Recently, CLIP has found practical utility in the domain of pixel-level zero-shot segmentation tasks. The present landscape features two-stage methodologies beset by issues such as intricate pipelines and elevated computational costs. While current one-stage approaches alleviate these concerns and incorporate Visual Prompt Training (VPT) to uphold CLIP's generalization capacity, they still fall short in fully harnessing CLIP's potential for pixel-level unseen class demarcation and precise pixel predictions. To further stimulate CLIP's zero-shot dense prediction capability, we propose SPT-SEG, a one-stage approach that improves CLIP's adaptability from image to pixel. Specifically, we initially introduce Spectral Prompt Tuning (SPT), incorporating spectral prompts into the CLIP visual encoder's shallow layers to capture structural intricacies of images, thereby enhancing comprehension of unseen classes. Subsequently, we introduce the Spectral Guided Decoder (SGD), utilizing both high and low-frequency information to steer the network's spatial focus towards more prominent classification features, enabling precise pixel-level prediction outcomes. Through extensive experiments on two public datasets, we demonstrate the superiority of our method over state-of-the-art approaches, performing well across all classes and particularly excelling in handling unseen classes. Code is available at:https://github.com/clearxu/SPT.
Paper Structure (20 sections, 11 equations, 4 figures, 4 tables)
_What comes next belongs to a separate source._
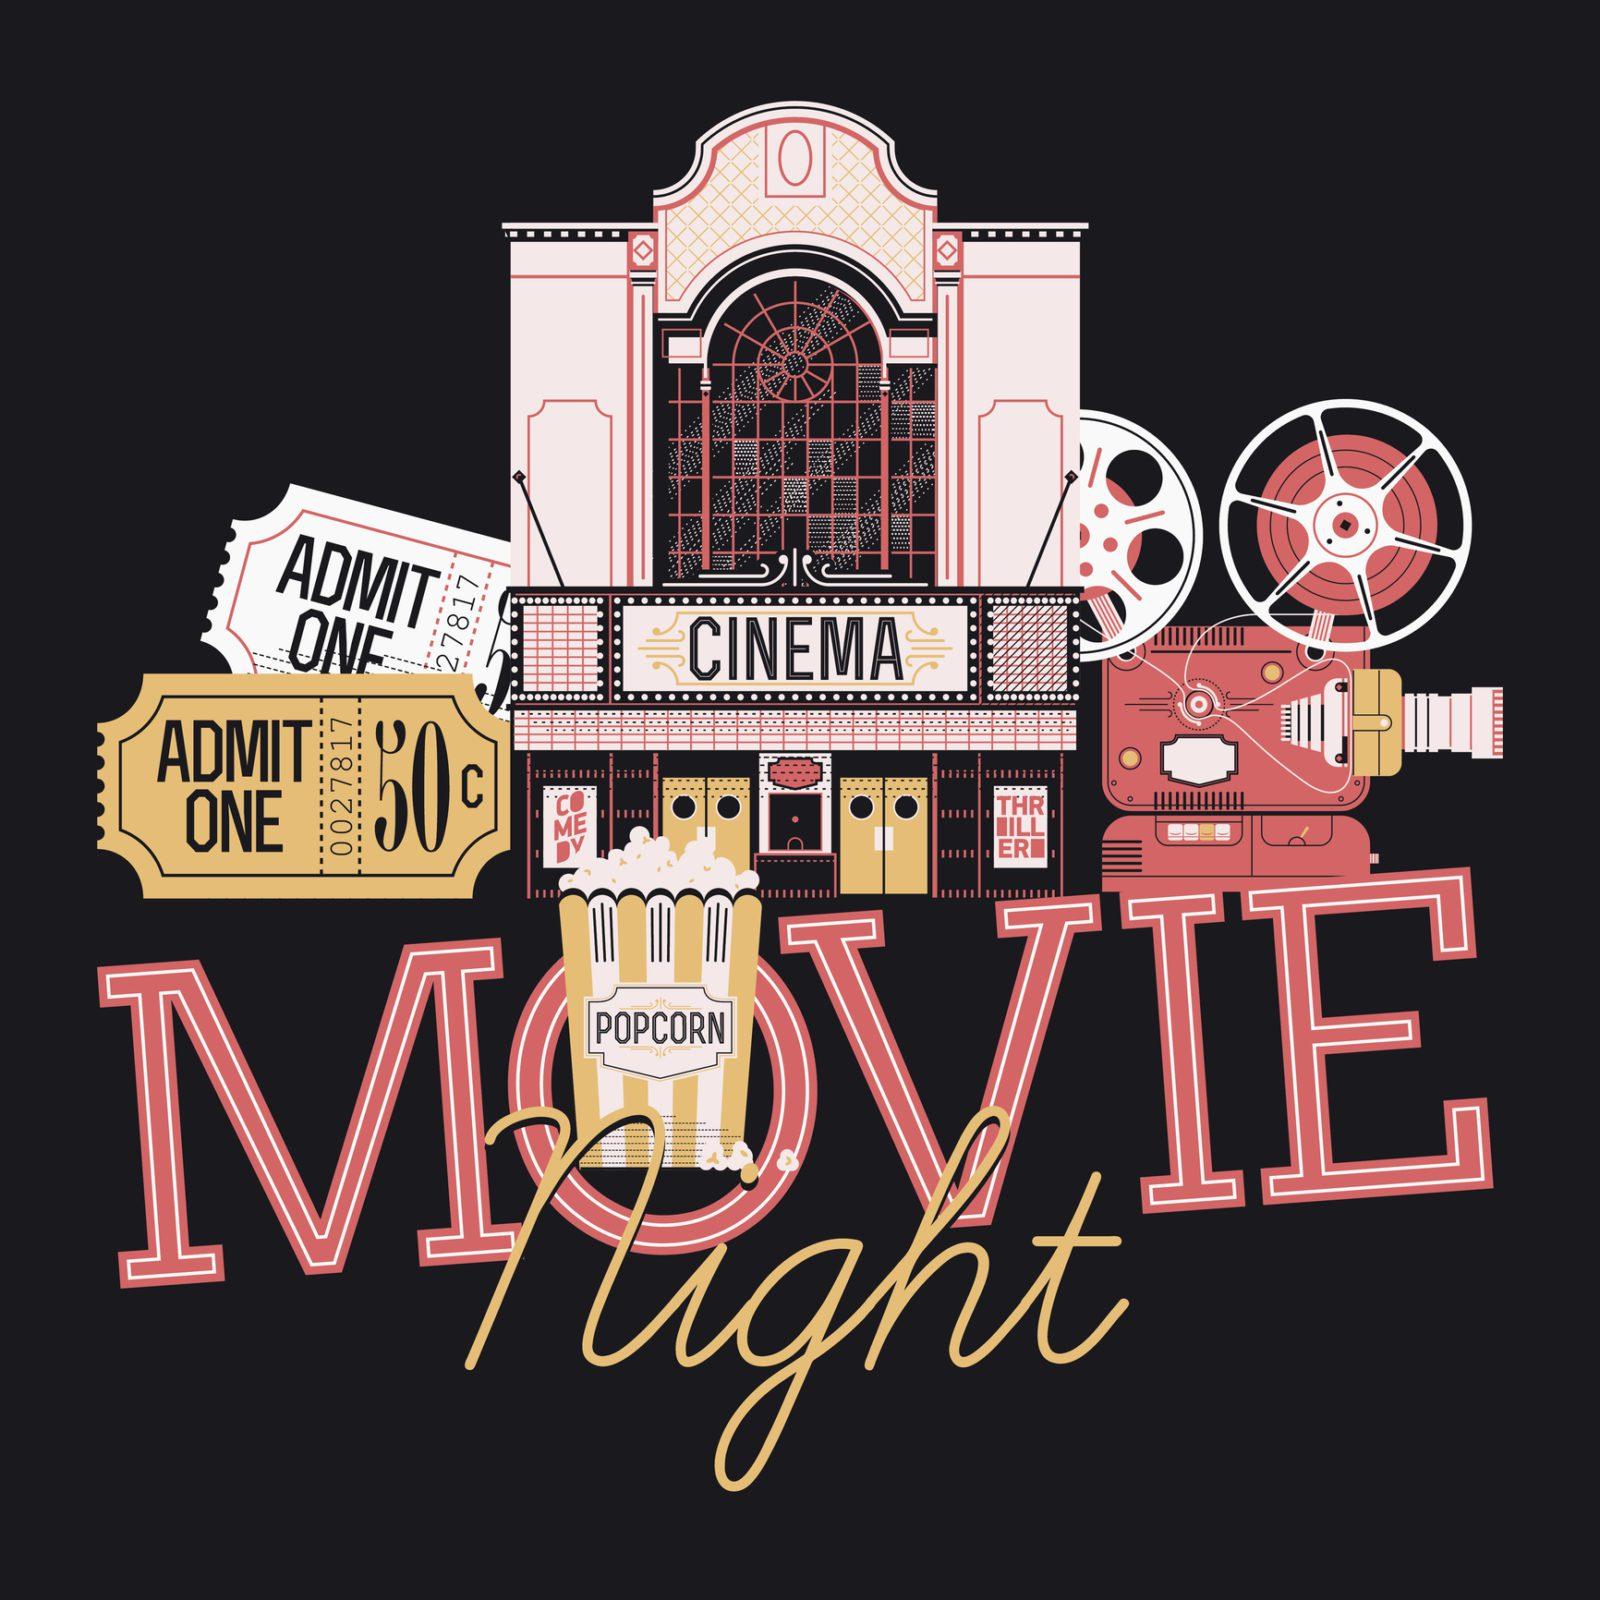 Movie night graphic

This paper contains 20 sections, 11 equations, 4 figures, 4 tables.

Figures (4)

  • Figure 1: (a) Our SPT-SEG method demonstrates outstanding performance across all classes. (b) While yielding favorable results within the seen classes, it exhibits relatively poorer performance in the unseen classes. (c) Its performance is unsatisfactory across all classes.
  • Figure 2: Overview of our proposed SPT-SEG. The main contribution of our work lies in two simple but effective designs (Red marks a,b in the figure): (a) Spectral prompt tuning which adds learnable spectral prompts to the first two layers of the CLIP's visual encoder; (b) Spectral guided decoder which utilizes high- and low-frequency feature information to guide the text to match with pixels, and decodes the predicted results.
  • Figure 3: Overview of our proposed Spectral-Prompt Tuning. During training on downstream tasks, only the parameters of prompts and the linear head are updated while the whole Transformer encoder is frozen.
  • Figure 4: Qualitative results on COCO-Stuff 164K. (a) are the original testing images; (b) are the ground truths of each image.(c) represent the performance of ZegCLIP; (d) are the visualization results of our proposed SPT-SEG. Note that we have highlighted prominent regions using yellow arrows and marked other significant areas with yellow stars for emphasis.